Once, at an opposition rally, the women were told that there were snipers on a nearby rooftop. All the women could think to do was wave to them.

It’s amazing what people will risk for the basic freedoms and rights that so many of the rest of us are lucky enough to take for granted.

• Last year, the Oslo Freedom Forum was held in Miami, not Oslo. This had to do with the complications of travel in a time of Covid. In a report from Miami, I wrote,

There is a panel on myths of the Cuban dictatorship. I am to moderate it. One of our guests was to be Carolina Barrero, a Cuban art historian and activist. But she has not come to Miami. Why? Luis Manuel Otero Alcántara, the artist and political prisoner, has gone on hunger strike. Carolina and others have joined him in solidarity.

The things people do. The sacrifices they make. Extraordinary.

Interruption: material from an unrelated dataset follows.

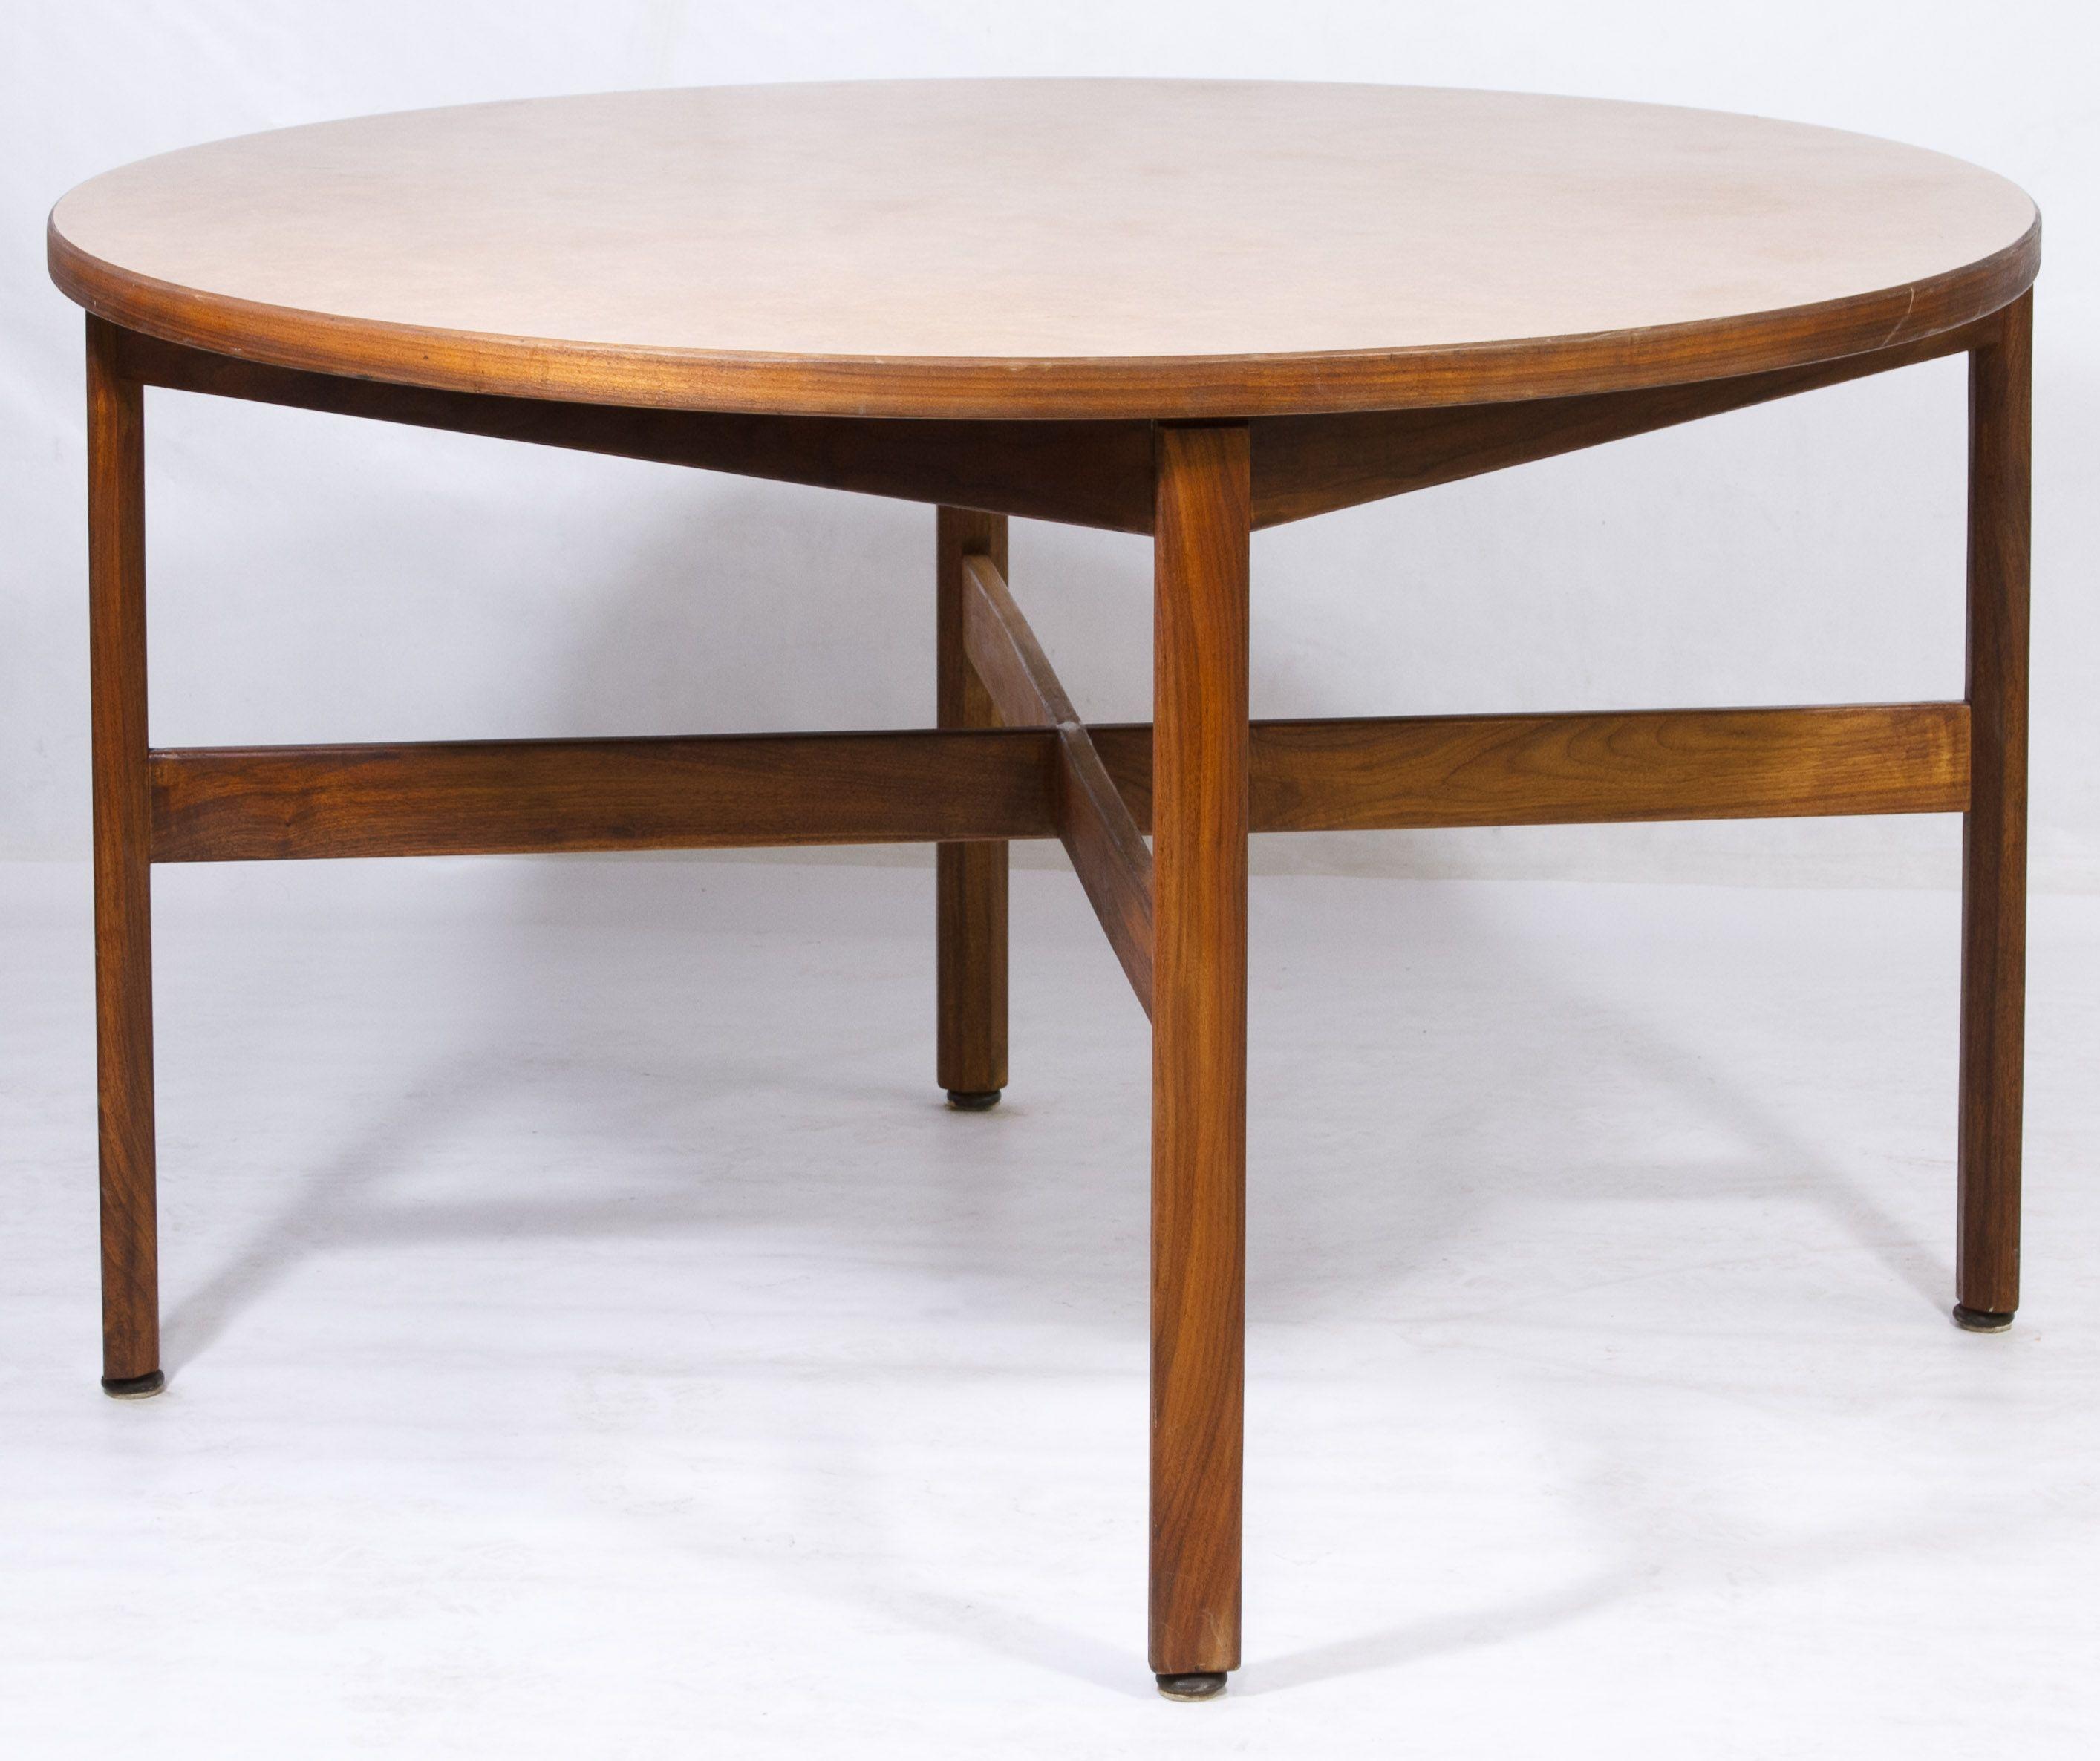 Lot 67 mid century modern walnut table by jens risom round table lot 67 mid century modern walnut table by jens risom round table on geotapseo Choice Image

Since then, Ms. Barrero has been kept under house arrest in Cuba, then expelled from the country. She is here in Norway, speaking. And it is a pleasure to see her, and hear her. Many young people in Cuba are sick and tired of the dictatorship — even more sick and tired, possibly, than the old people are. They see that millions upon millions of people, including in Latin America, are leading normal lives, in free societies, or relatively free ones. Why should they be deprived of the same? Why should they have to live under one of the few remaining Communist dictatorships in all the world? Fidel and Che and the rest set up shop such a long time ago. The shop must be closed, or destroyed, at long last.

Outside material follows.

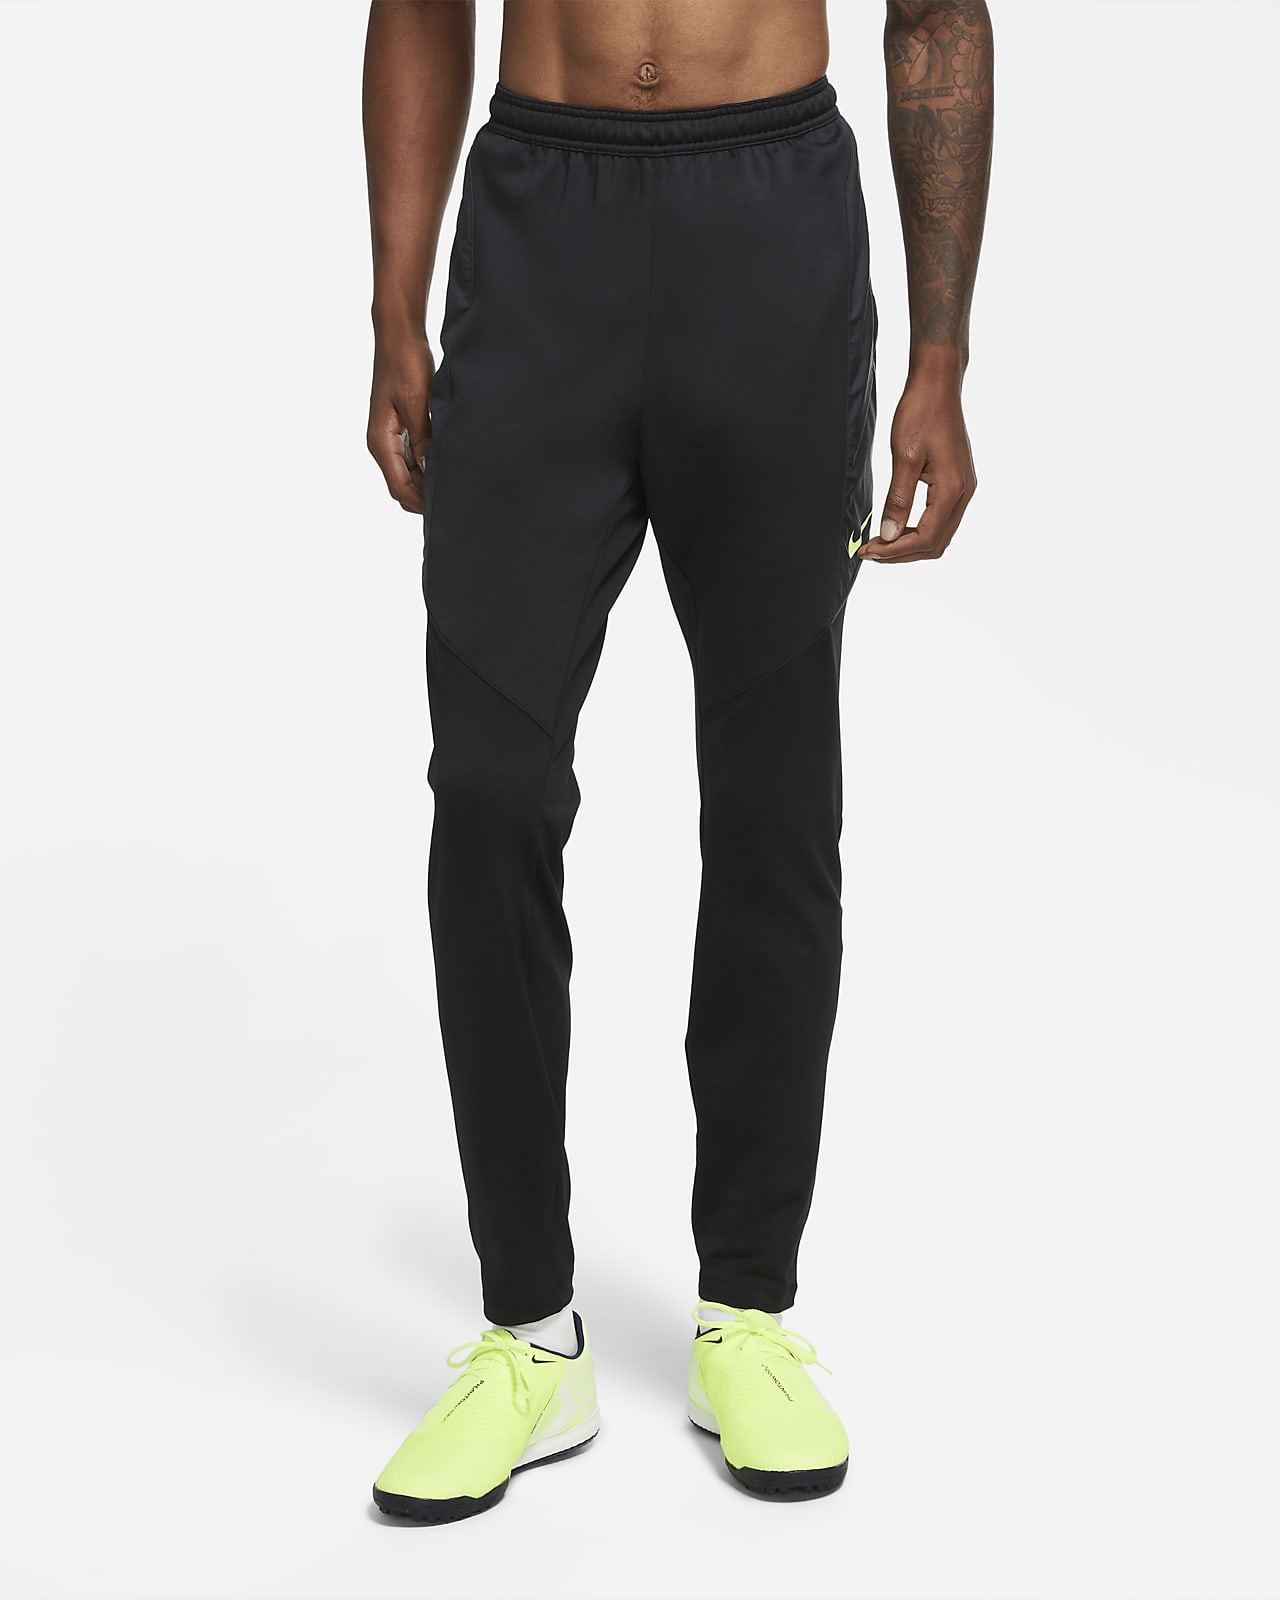 Pantaloni da calcio Nike Dri-FIT Strike Winter Warrior - Uomo

• I meet a friend of mine, a Uyghur American. She is so fed up. For six years, she says, Uyghurs abroad have been explaining the Uyghur situation to the world at large. What’s a Uyghur? How do you pronounce “Uyghur”? How do they differ from the ethnic majority in China? Etc. The U.S. State Department, among other institutions and bodies, has described Beijing’s persecution of the Uyghurs as a “genocide.” Yet no real action is taken. My friend is so sick of talking. Enough talking, she says. She is ready for her people to be a cause — a worldwide cause — as the Ukrainians are. The Uyghurs are facing an emergency, just as the Ukrainians are.

The frustration of my friend, I understand. Easily. I also think of the Syrians . . .

• Omar Alshogre is an amazing young man. He is a student at Georgetown University — vibrant; winsome. He was a political prisoner in his native Syria, subjected to any number of horrors. To have kept his sanity is an achievement. Before he was released, he underwent a mock execution. Understand: He thought it was a real execution. He thought he was going to die. Instead . . .

Anyway, an amazing, heart-in-throat story. I could not help thinking of Tosca, the Puccini opera. The prisoner, Cavaradossi, is told that there will be a mock execution. He has to play along. Then he will escape, with his beloved, Floria Tosca. And yet — the execution squad kills him for real.

It is wonderful to see Omar, alive and ready to tackle the world, for years to come.

• A concert hall ought to have a musical performance, and there is one — more than one, actually — on the stage here at the Freedom Forum. The one I have in mind is by Lynn Adib, a singer-songwriter born and raised in Damascus. A beautiful performer.

• There is also a comedian — Sakdiyah Ma’ruf, a woman from Indonesia. She is a “hijabi” (one who wears a hijab). She grew up in a conservative religious community, she tells us. So, the pandemic was not such a big deal. Stay at home? And if you have to go outside, cover up? Why, millions of women are experts at that . . .

A little laughter is a life necessity.